Given entries:
%%
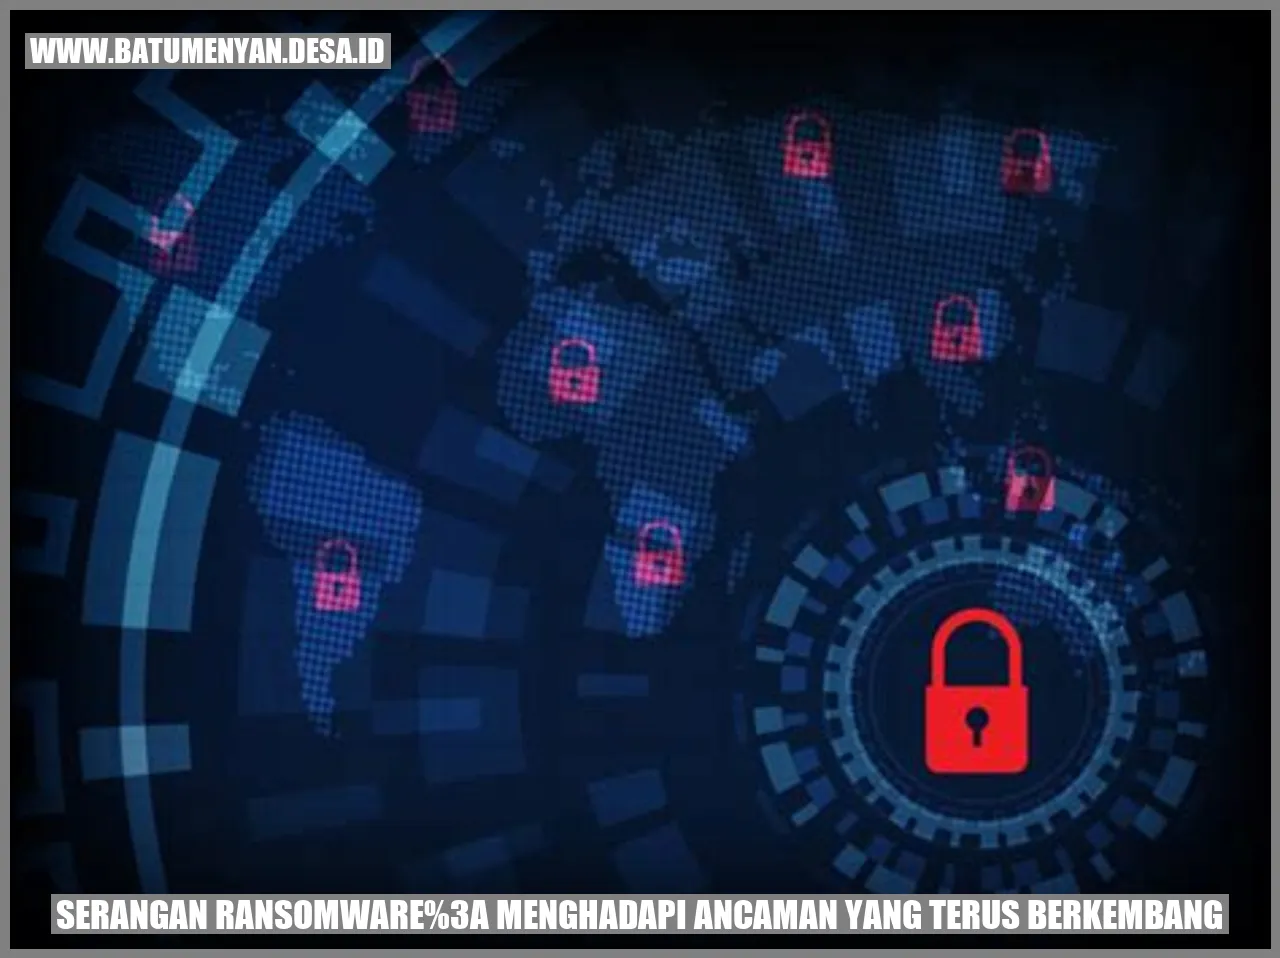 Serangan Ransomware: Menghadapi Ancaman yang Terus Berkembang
%%
%%
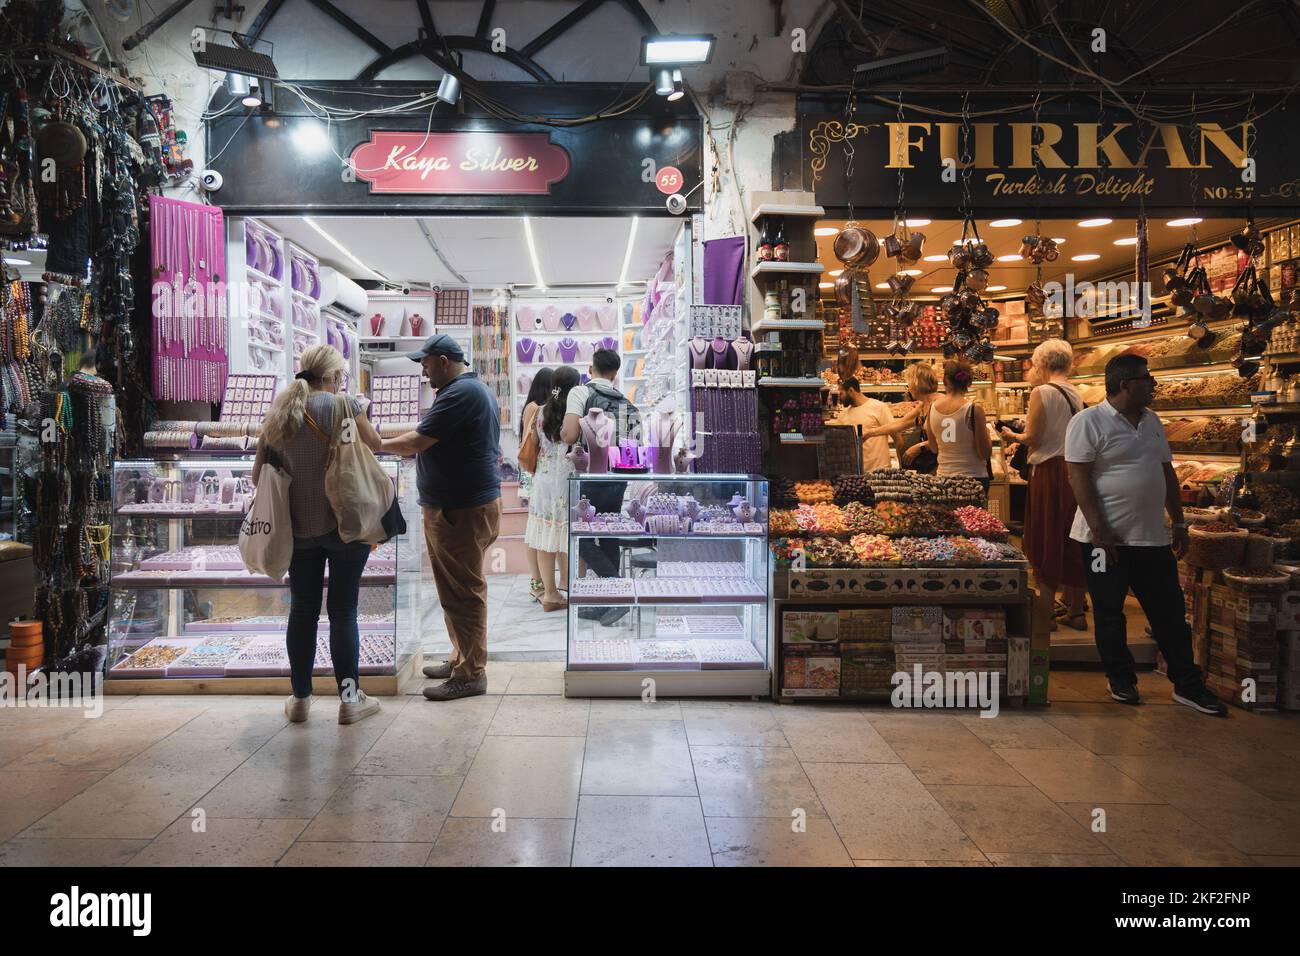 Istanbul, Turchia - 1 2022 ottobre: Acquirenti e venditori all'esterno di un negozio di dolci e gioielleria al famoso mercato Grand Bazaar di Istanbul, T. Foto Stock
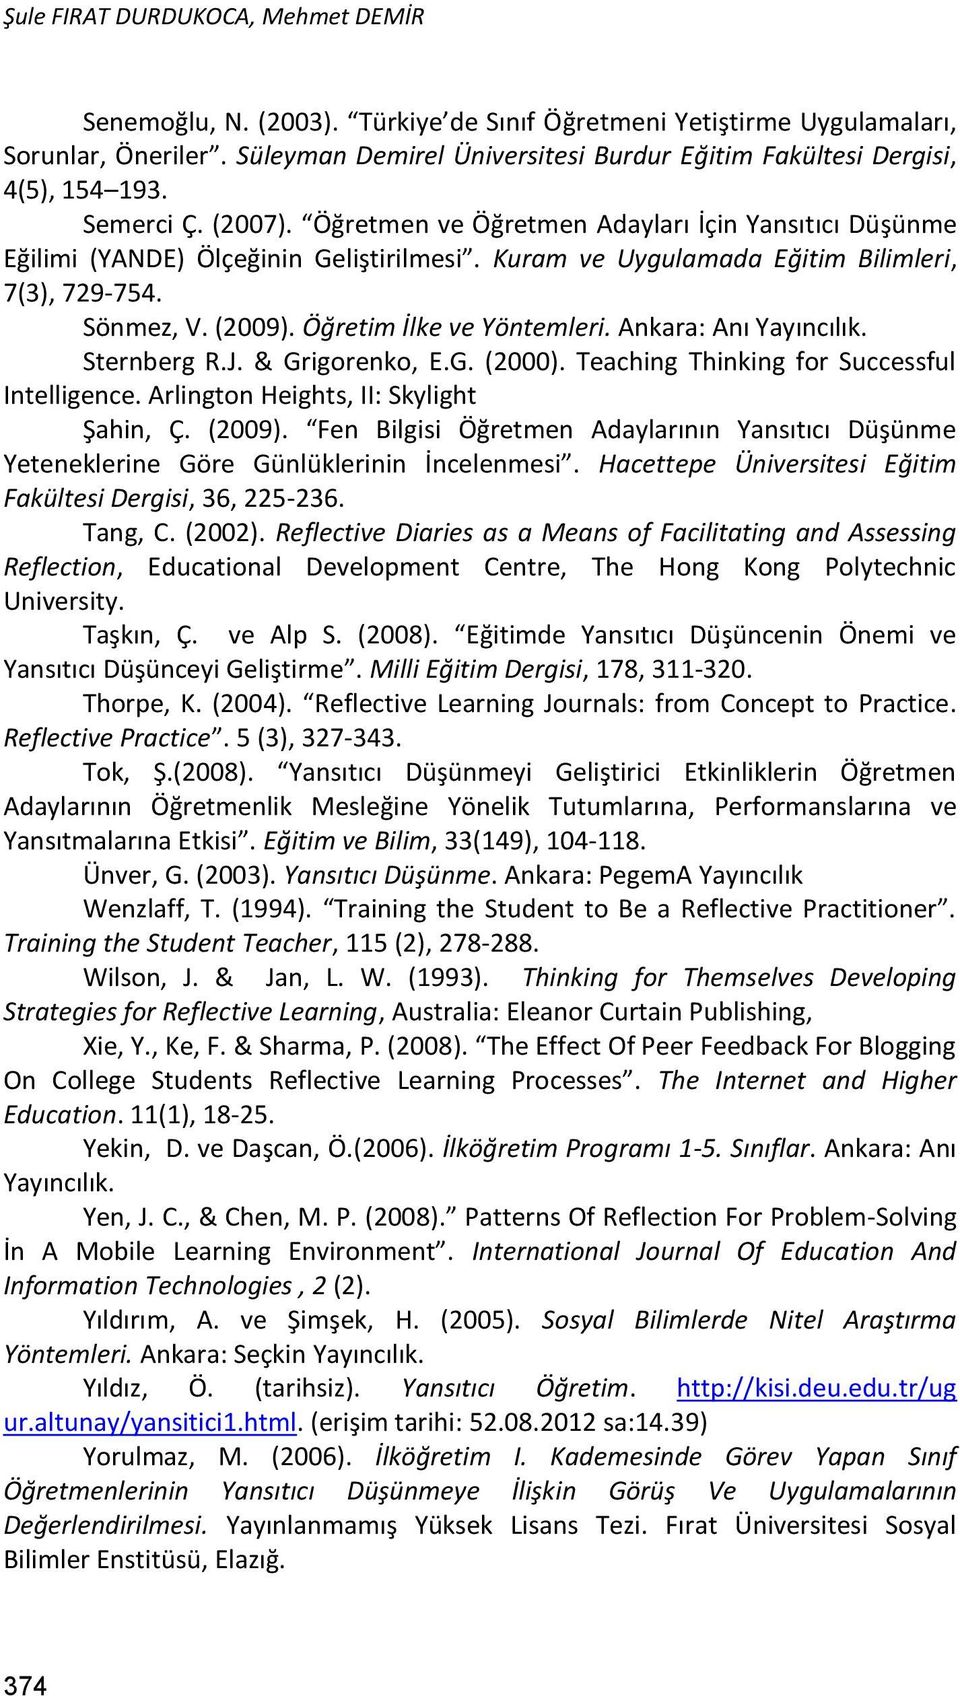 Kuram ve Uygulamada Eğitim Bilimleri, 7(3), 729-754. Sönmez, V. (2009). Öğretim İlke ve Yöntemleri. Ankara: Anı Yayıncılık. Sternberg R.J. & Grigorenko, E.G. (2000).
%%
Directions for this task:
Text only, no pictures: please print exactly the lines above from the line with "Istanbul, Turchia - 1" up to and including the line with "Kuram ve Uygulamada", and nothing else.

Output for this exercise:
 Istanbul, Turchia - 1 2022 ottobre: Acquirenti e venditori all'esterno di un negozio di dolci e gioielleria al famoso mercato Grand Bazaar di Istanbul, T. Foto Stock
 Kuram ve Uygulamada Eğitim Bilimleri, 7(3), 729-754. Sönmez, V. (2009). Öğretim İlke ve Yöntemleri. Ankara: Anı Yayıncılık. Sternberg R.J. & Grigorenko, E.G. (2000).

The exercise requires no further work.